■ EXERCISE INSTRUCTIONS: Set down, exactly as written, the lines from the line holding "Body soap bar — aloe vera + shea butter" to the end of the data, inclusive, skipping any pictures.
START DATASET CONTENT
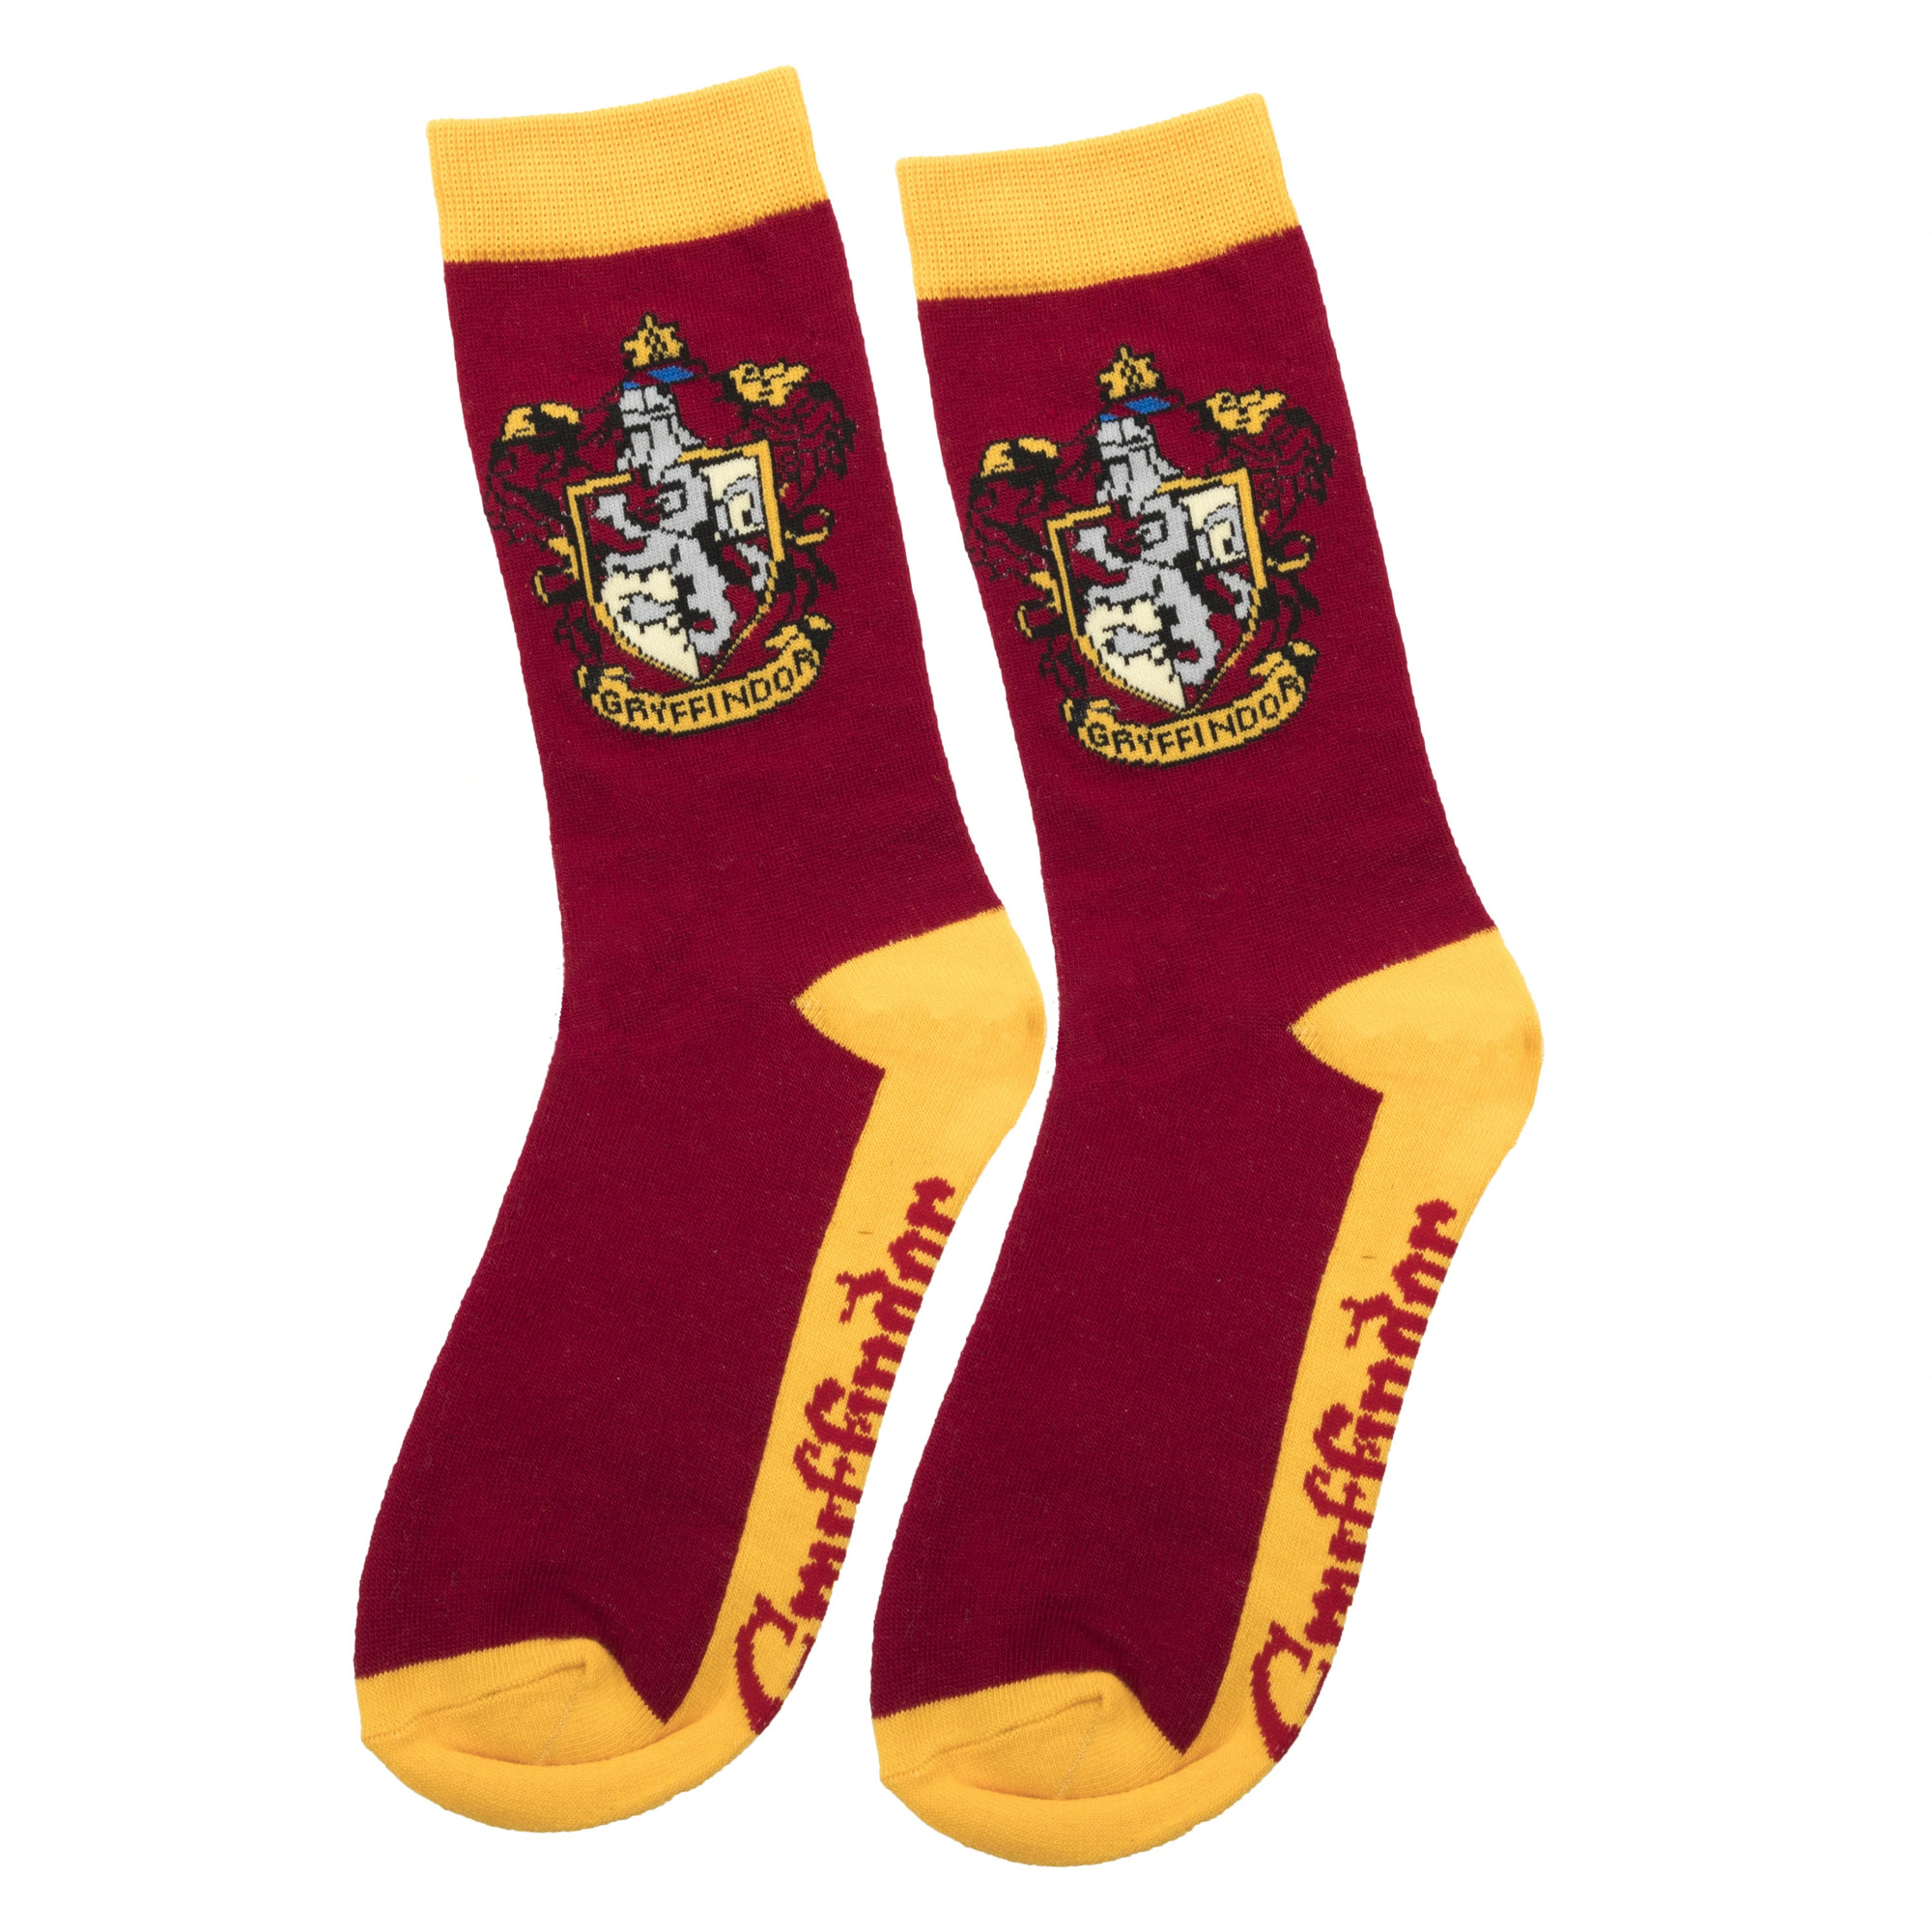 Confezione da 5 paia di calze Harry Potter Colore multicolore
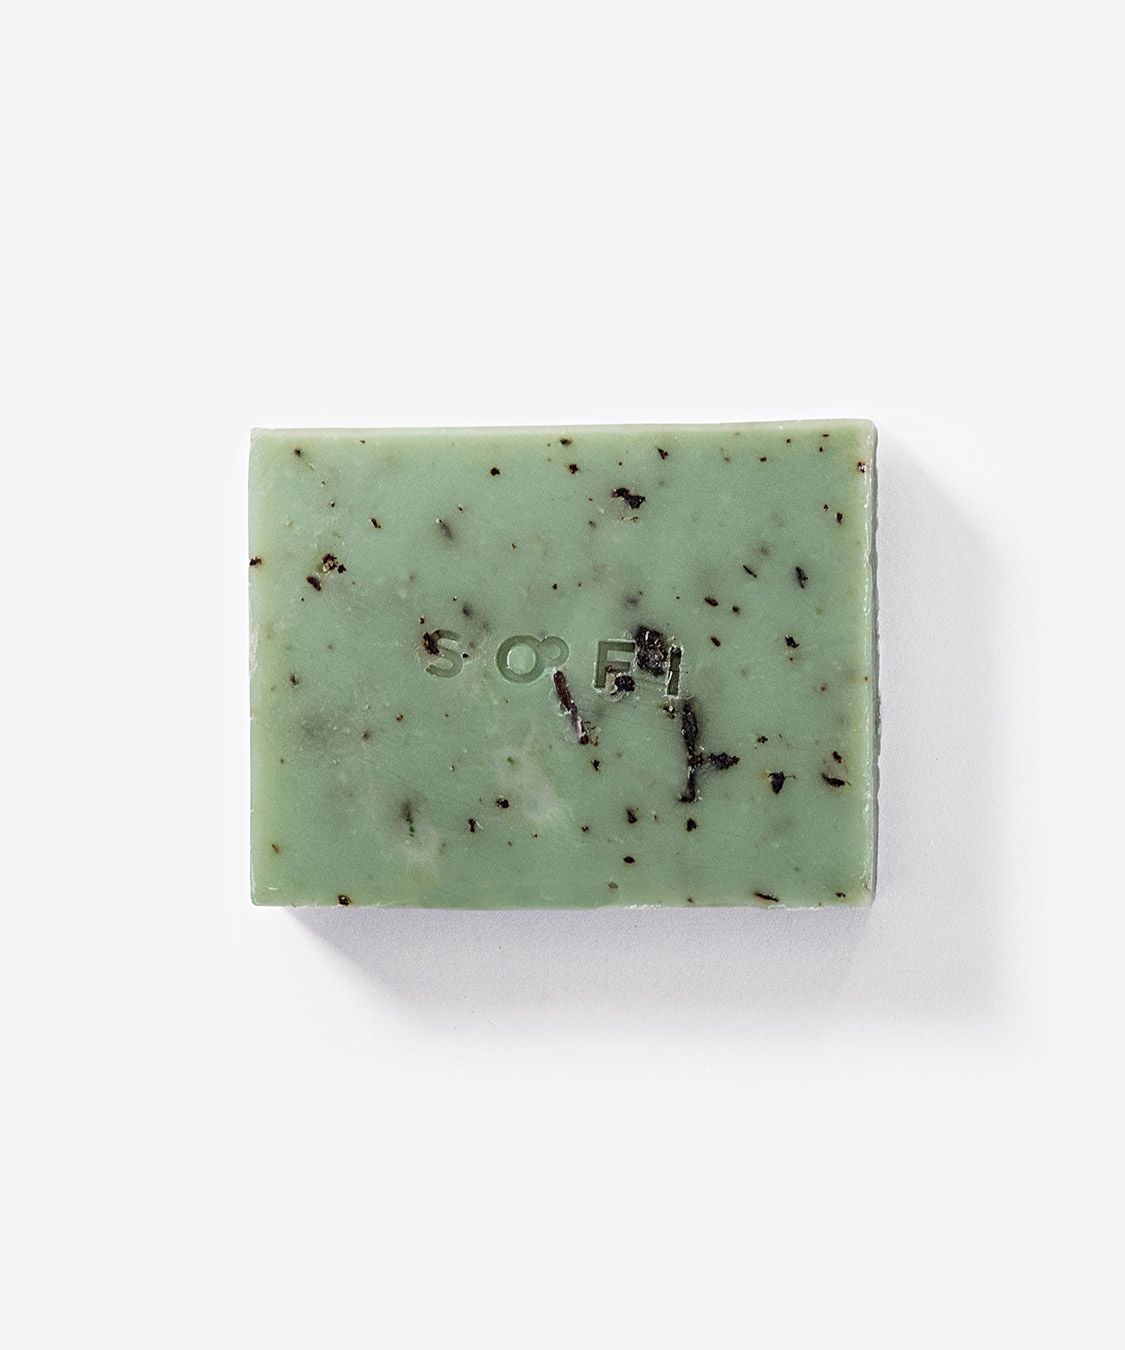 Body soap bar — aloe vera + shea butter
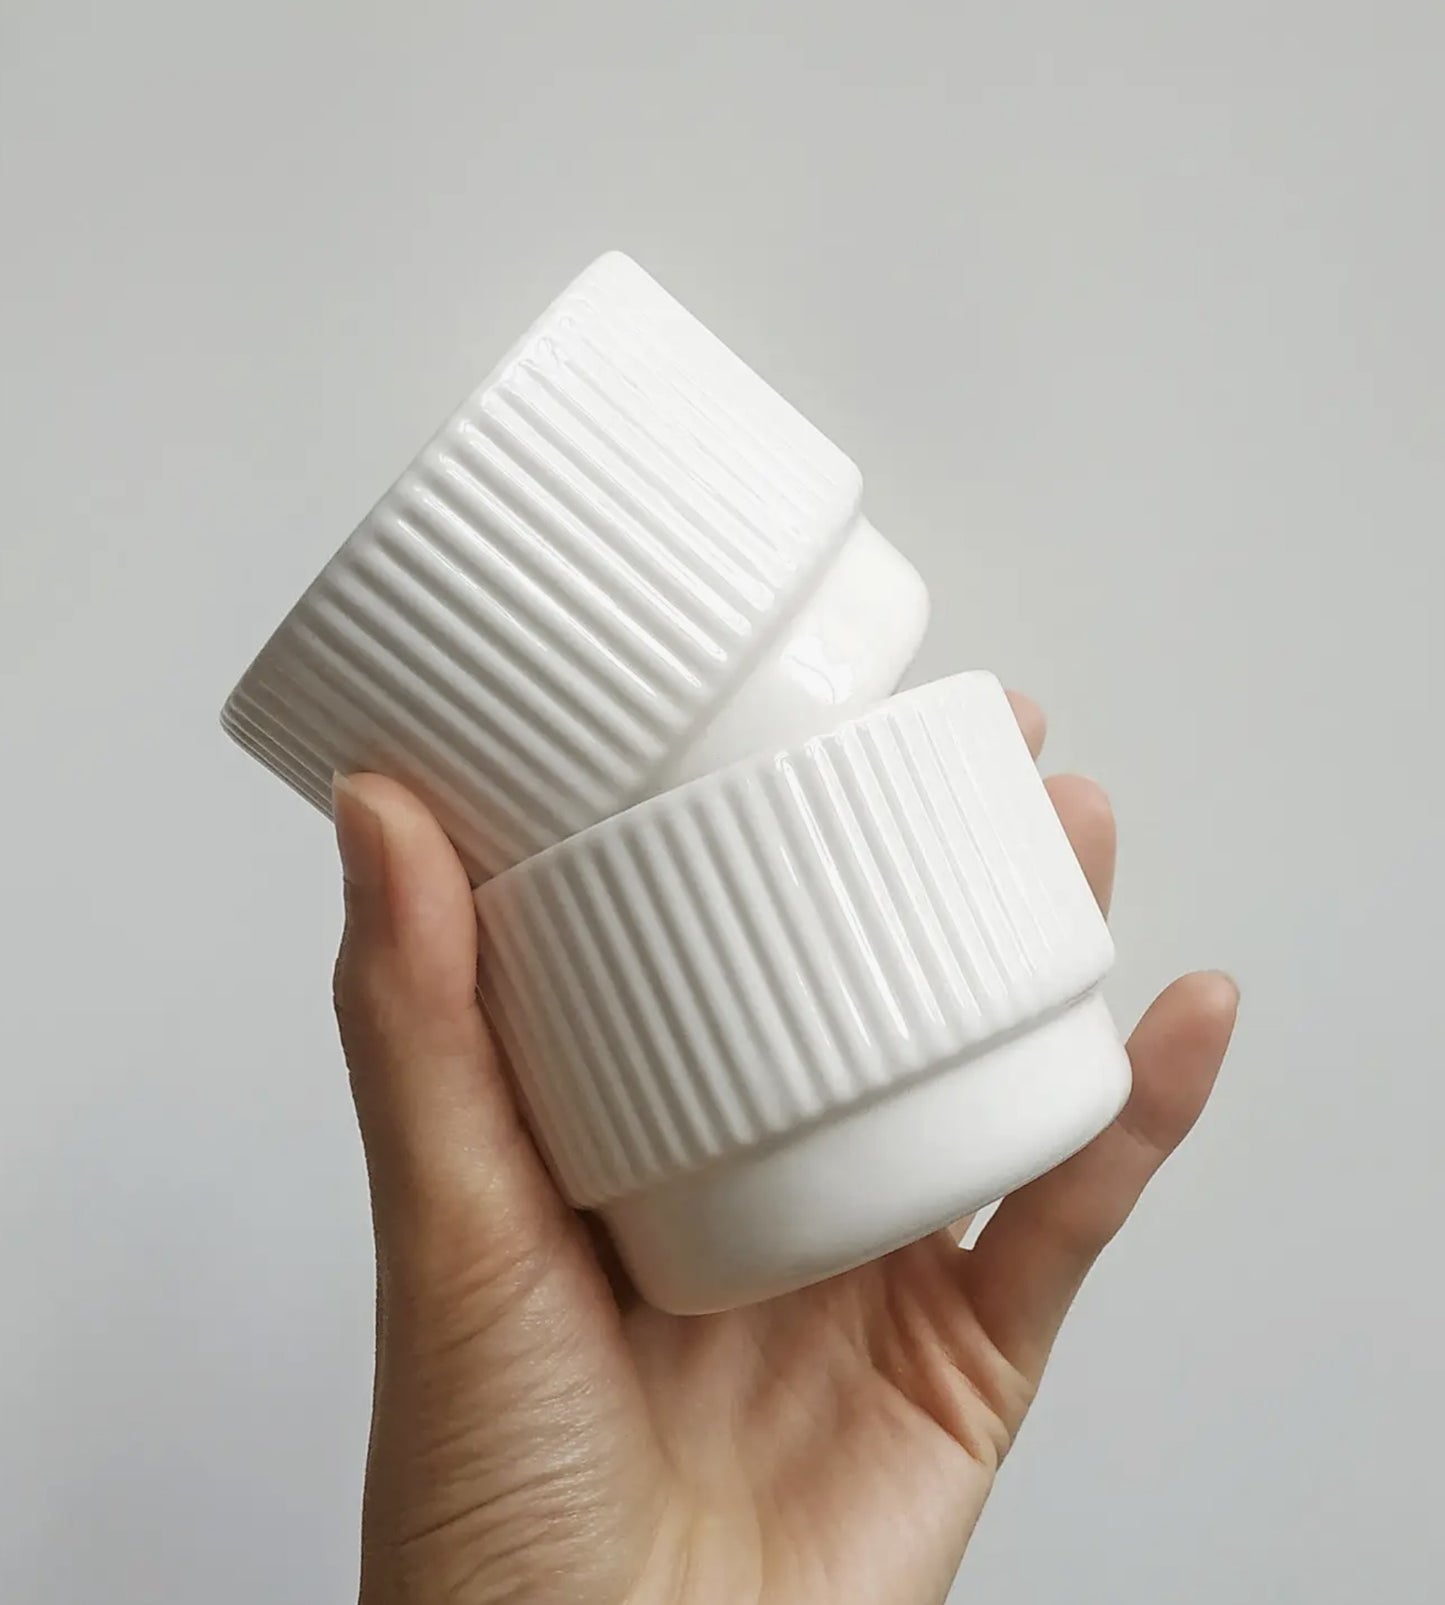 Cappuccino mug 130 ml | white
END DATASET CONTENT
■ EXERCISE RESULT:
 Body soap bar — aloe vera + shea butter
 Cappuccino mug 130 ml | white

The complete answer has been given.